* _Instructions to follow_
Word for word, transcribe the data below from the line with "seckford-hall-wedding-077" to the line with "wallpaper yellow gradient", keeping both of those lines.

* _Recorded information_
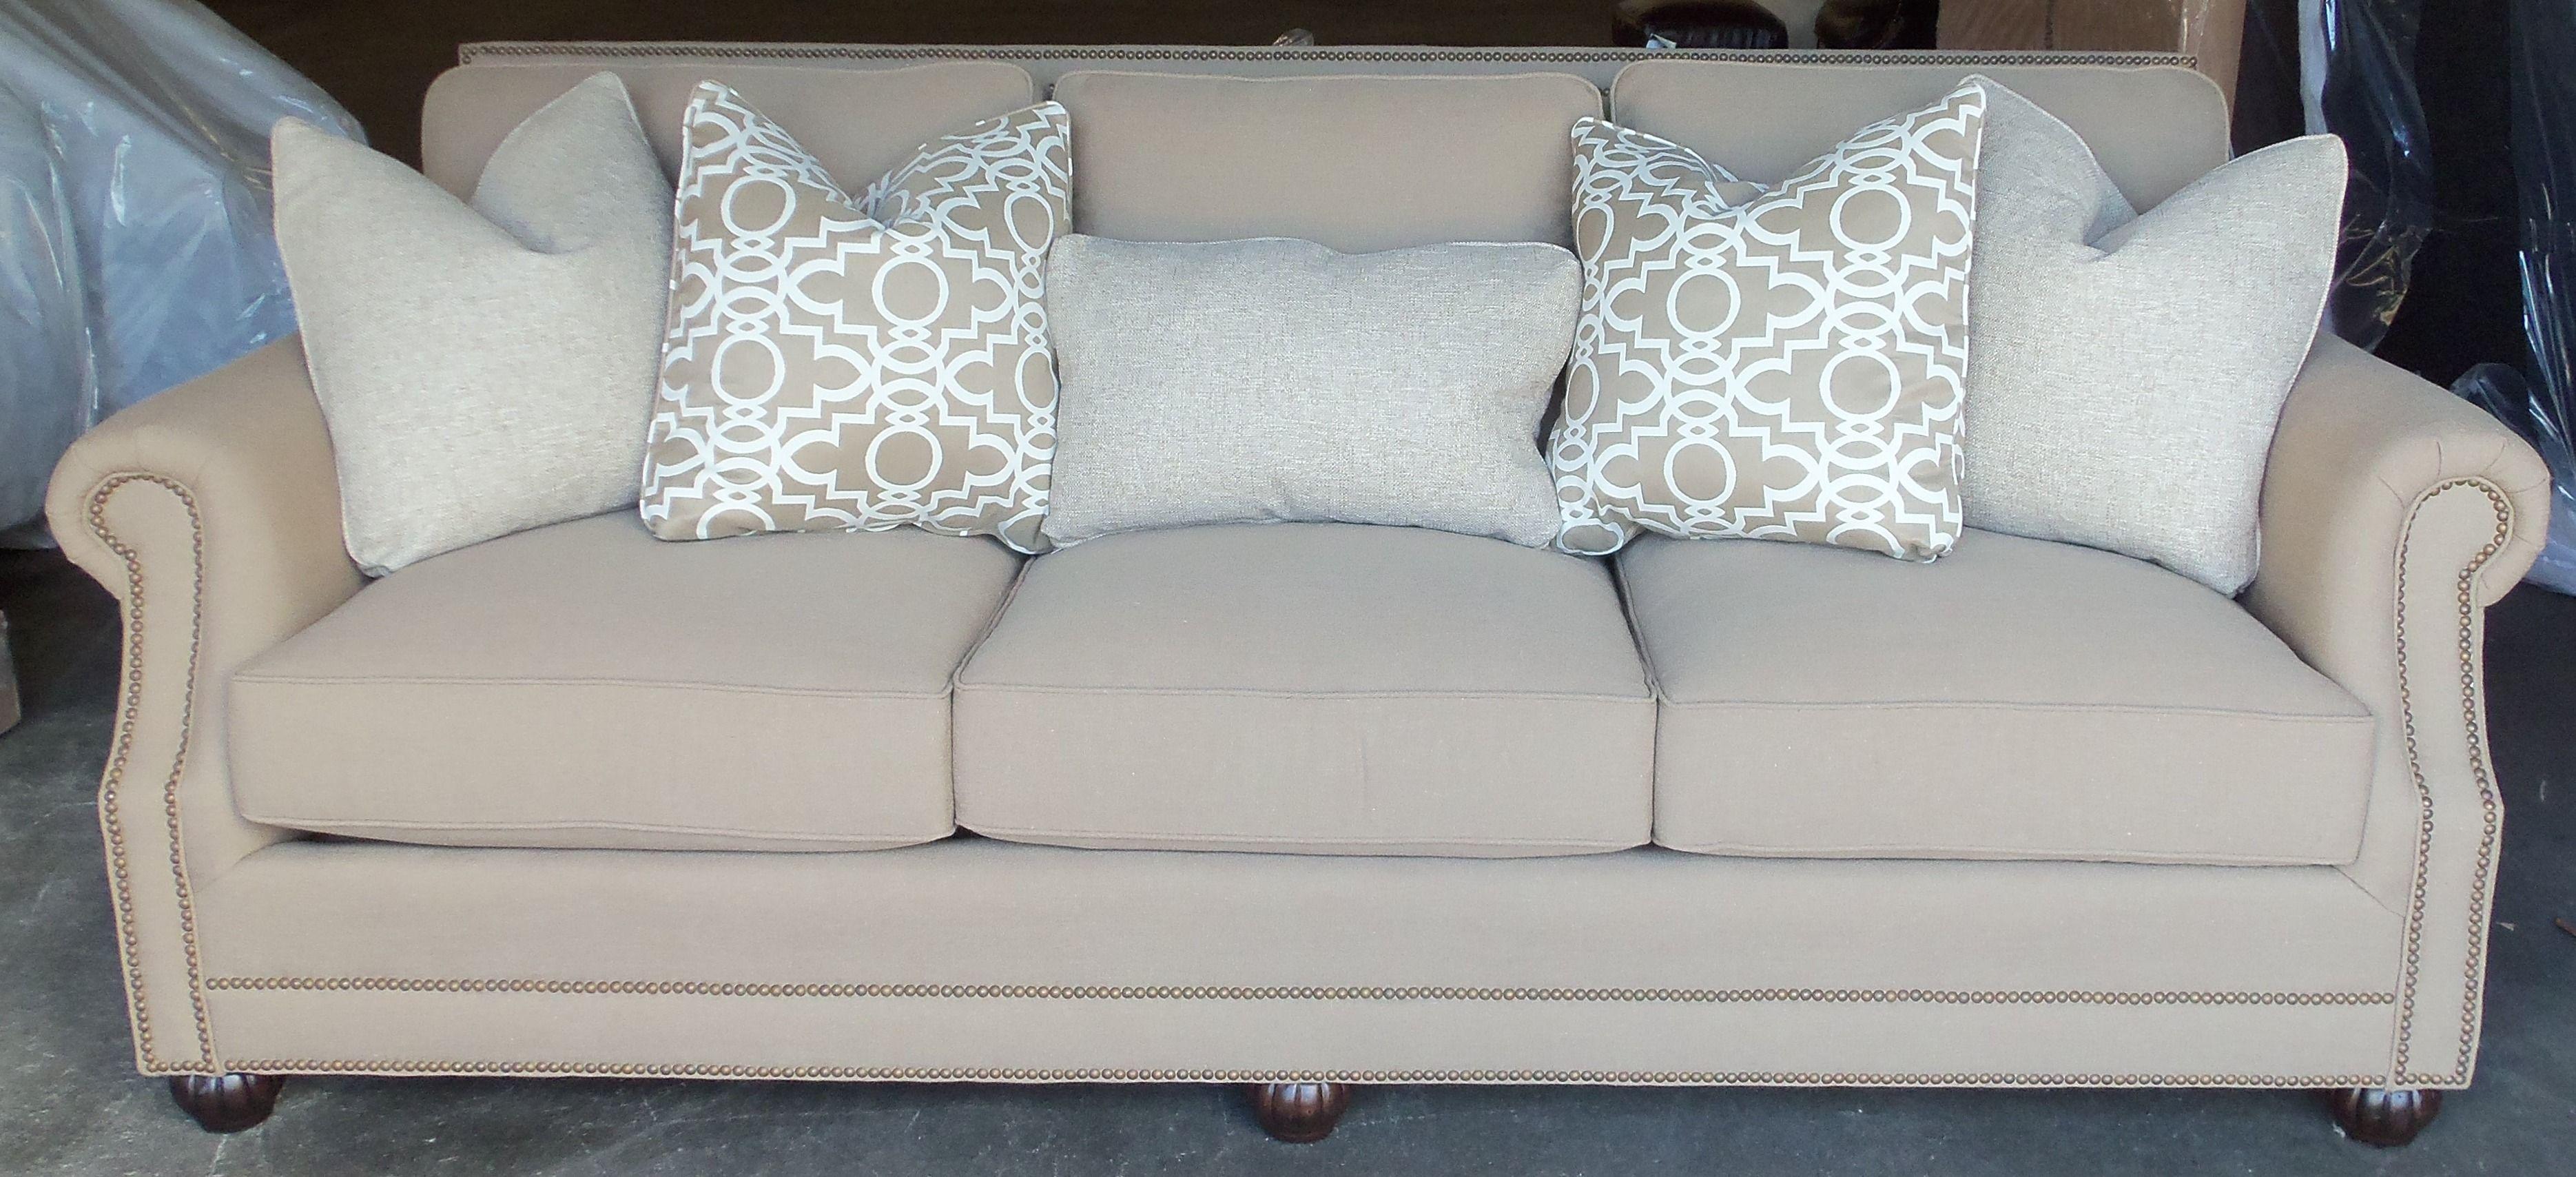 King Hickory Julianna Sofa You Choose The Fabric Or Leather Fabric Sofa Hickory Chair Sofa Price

==

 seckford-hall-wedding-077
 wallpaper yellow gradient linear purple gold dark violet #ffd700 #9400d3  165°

* _Answer space_
 seckford-hall-wedding-077
 wallpaper yellow gradient linear purple gold dark violet #ffd700 #9400d3  165°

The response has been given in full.